Commodities: Q3 Performance Improves Drastically…

| October 7, 2013 | 0 Comments

3rd Quarter WinnersOn Friday, we discussed the worst performing commodities for the third quarter of 2013.

In case you missed it, corn, soybeans, lean hogs, coffee, and natural gas slid lower over the past three months.

Now let’s look at the top performing major commodities since July.

Here we go…

Cocoa – up 20%:  This African produced commodity is on a roll.  Since the start of July, the chocolaty asset has jumped from $2,150 a ton to just over $2,600.  The recent rise is due to the suddenly increasing odds of a global cocoa deficit. 

In fact, commodity analysts are pegging the looming shortfall at around 130,000 tons.  As a result, chocolate will likely be more expensive this holiday season!

Silver – up 16%:  As you may know, silver was easily one of the worst performing hard assets of the first half of the year.  The metal dropped to three year lows near $18 an ounce in June.

But once July rolled around, investors started looking to the benefits of this lustrous metal once again.   When Federal Reserve Chairman Ben Bernanke revealed his US economic stimulus tapering plan wasn’t set in stone, the metal jumped as high as $25.

Sugar – up 12%:  I devoted a recent article to this overly abundant commodity.  There’s so much sugar lying around that the US Government is buying the commodity on the open market.  When they do, they immediately sell it to domestic ethanol plants at a huge loss.

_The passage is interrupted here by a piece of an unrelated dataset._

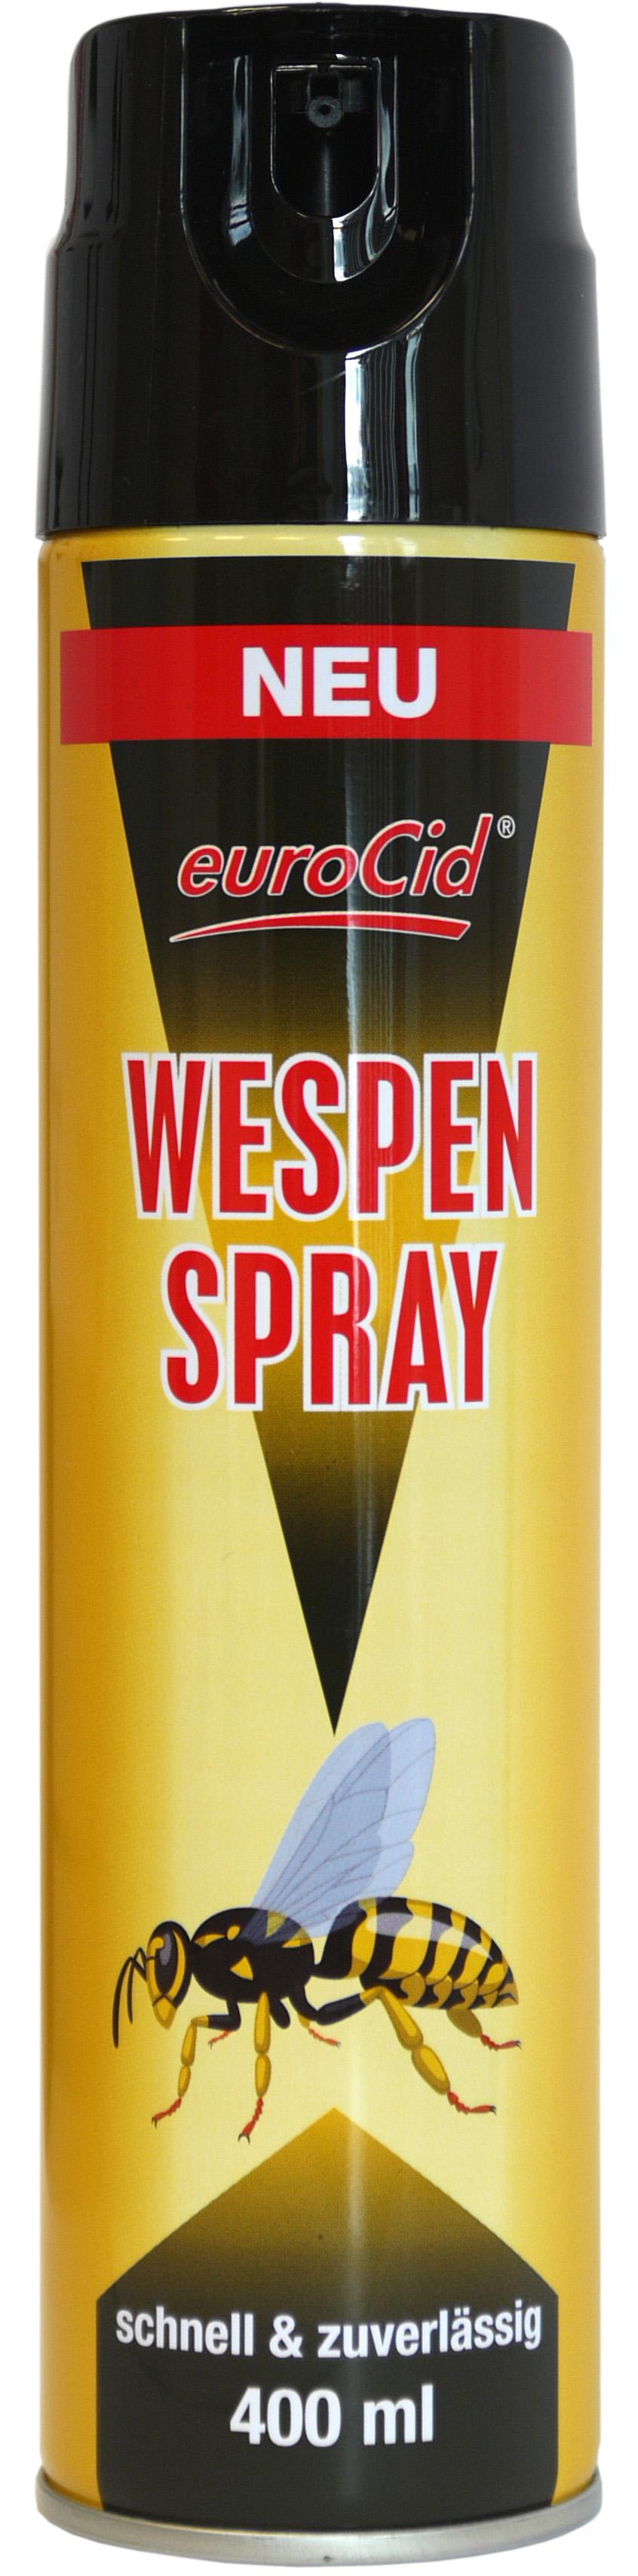 02193 - euroCid Wespenspray 400ml BIOZID

In a nutshell, Uncle Sam is throwing millions of dollars down the drain just so US sugar producers won’t default on USDA loans.

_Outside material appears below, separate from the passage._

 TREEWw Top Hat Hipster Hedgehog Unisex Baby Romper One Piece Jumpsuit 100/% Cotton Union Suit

Even though prices are up, sugar is one commodity to steer clear of going forward.  The recent rise is nothing more than artificial demand created by the USDA.

Feeder Cattle – up 9%:  Unlike sugar, the cattle market is in a perfect storm of bullish fundamentals… low supply and high demand.  Feeders are trading at all time highs near $1.65 a pound partly due to strong demand for US beef in overseas and domestic markets.  

But that’s not all…

Another big reason prices are soaring is the dwindling US cattle herd.  In fact, the total 2012 US calf crop came in at 34.2 million head.  That’s the lowest level since 1949.  As a result, US feedlot numbers are sinking, which in turn pushes the price of cattle higher.

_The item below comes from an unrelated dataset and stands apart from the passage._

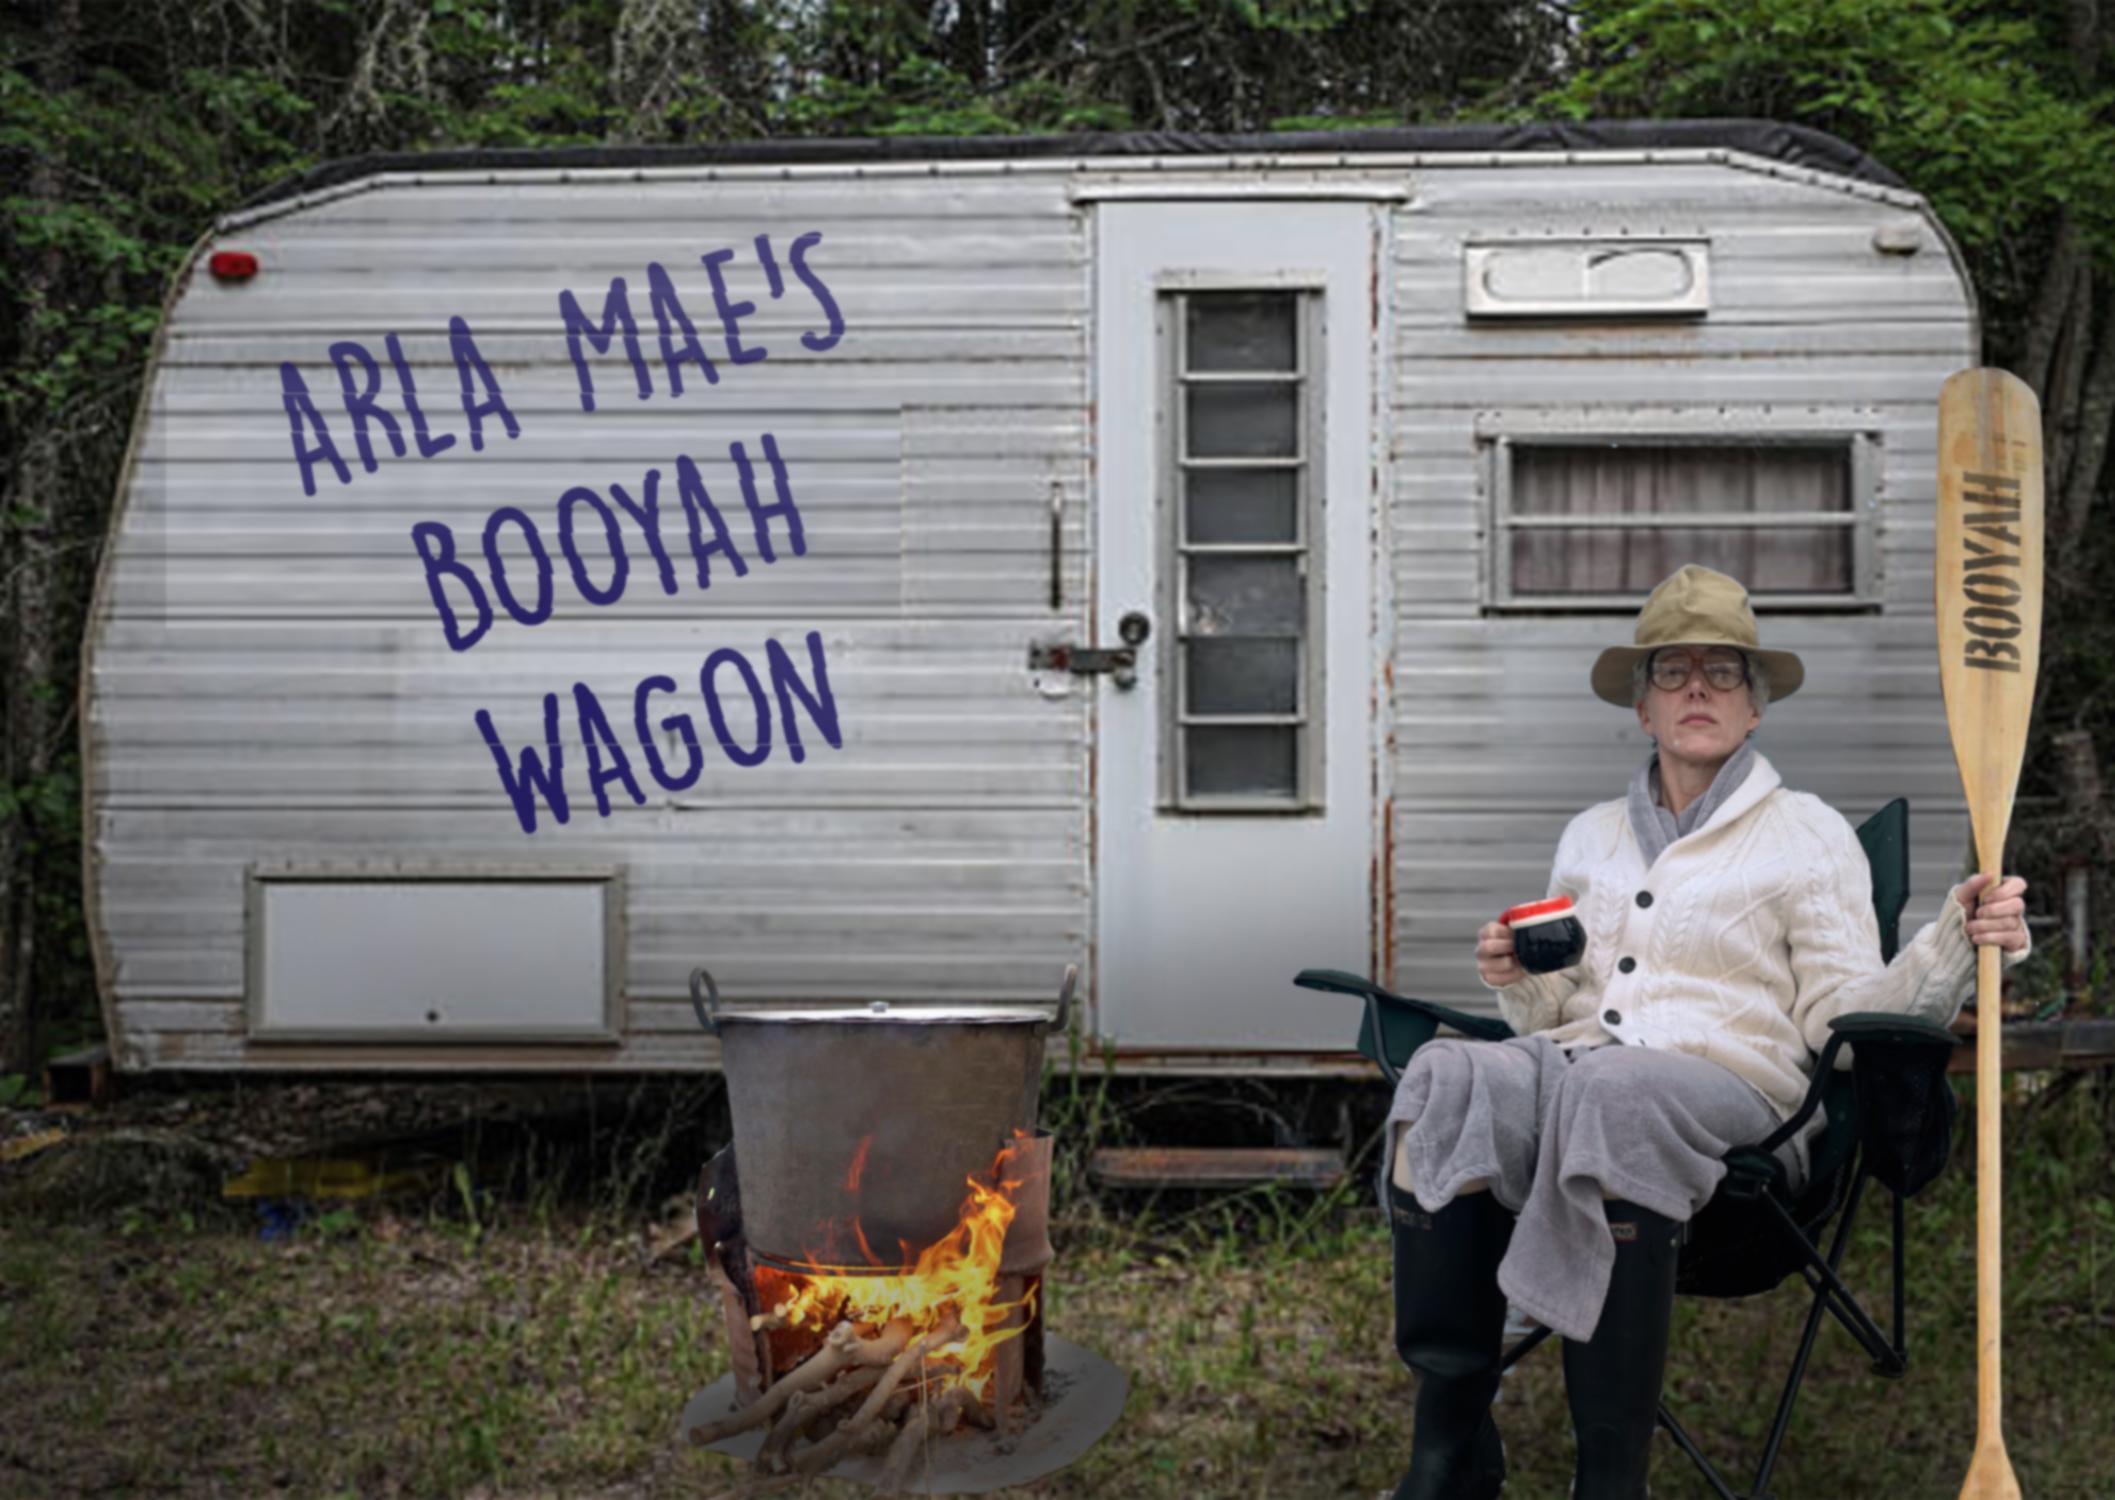 "Caption: ""Arla Mae's Booyah Wagon"""

Gold – up 8%:  After taking an absolute beating in the first half of the year, gold turned in solid gains in the third quarter.  Strong Asian and global central bank demand pushed the yellow metal from $1,225 an ounce in early July, up to $1,425 by the end of August.

Copper – up 8%:  Chinese economic data sent the price of copper soaring in early August.  A huge and unexpected increase in China’s import/export data proved the country’s economy isn’t as bad off as many were predicting.

The sudden increase, which carried over into September, means China’s enormous demand for copper isn’t going away any time soon.

So there you go folks…

Rounding out the top Q3 performers were platinum, palladium, and wheat with gains of 5%, 3%, and 3% respectively.  Crude oil essentially broke even with a slight improvement of 0.5%.

As you can see, commodity performance as a whole was much improved in recent months.   Unlike the second quarter, there were more winning commodities than losers.  As a matter of fact, the Reuters/Jeffries CRB Index (CRB) turned in gains for the first time since Q3 2012.

Not only did individual supply/demand metrics improve in Q3, but a big drop in the US Dollar put the wind behind the back of many hard assets.

Where do commodities go from here?

As long as Washington politicians don’t push the US economy over a cliff with a debt ceiling debacle, I suspect strong commodity performance will continue as 2014 draws near.  Natural gas, feeder cattle, and precious metals are three markets I’ll be watching closely.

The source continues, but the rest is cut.